WHAT YOU SHOULD DO — Please write out only the lines from the line with "naturales, productos naturales" to the line with "Hiệu quả phun môi", inclusive, exactly as they stand below, without the pictures.

TASK INPUT —

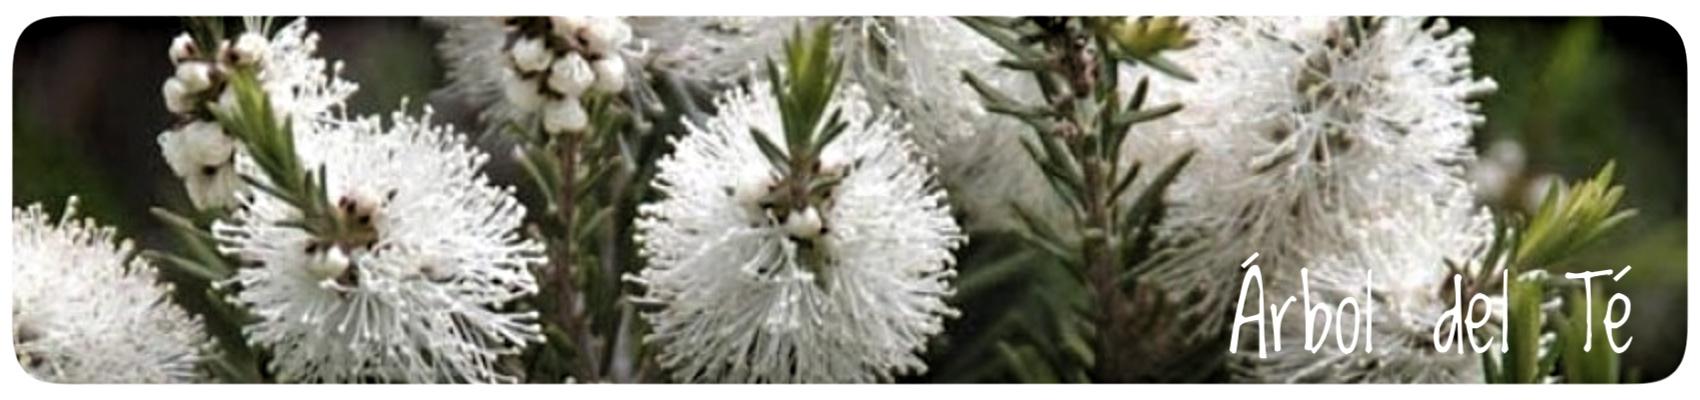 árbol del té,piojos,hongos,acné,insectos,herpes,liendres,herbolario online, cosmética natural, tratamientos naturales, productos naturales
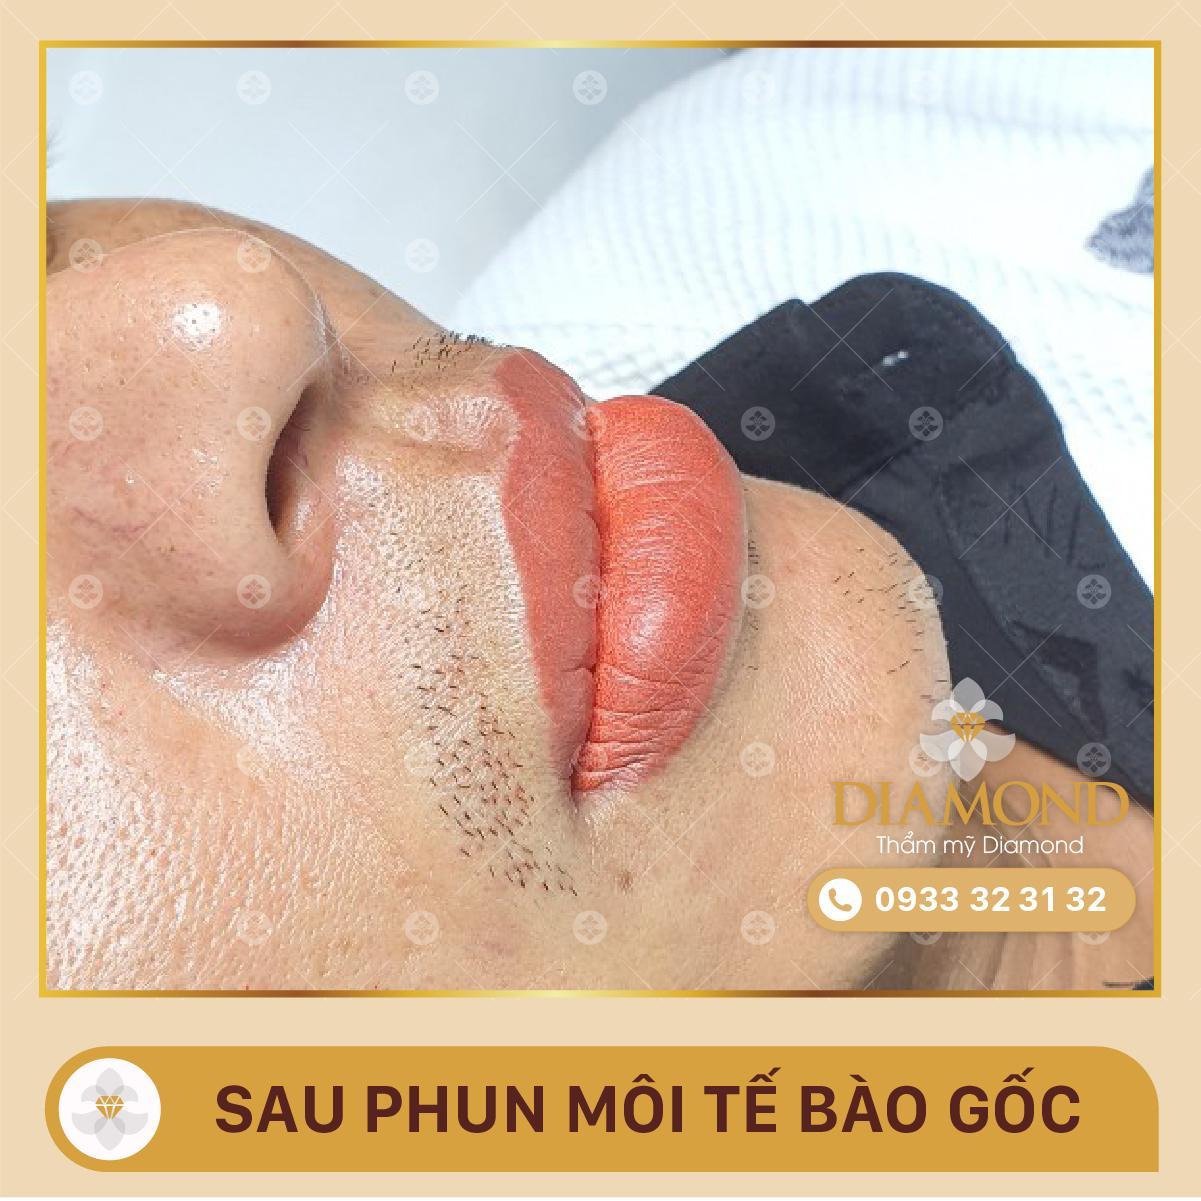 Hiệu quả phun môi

--

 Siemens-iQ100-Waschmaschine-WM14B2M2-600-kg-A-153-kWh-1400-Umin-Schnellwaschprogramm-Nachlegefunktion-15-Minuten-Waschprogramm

RESULT OF THIS EXERCISE —
 árbol del té,piojos,hongos,acné,insectos,herpes,liendres,herbolario online, cosmética natural, tratamientos naturales, productos naturales
 Hiệu quả phun môi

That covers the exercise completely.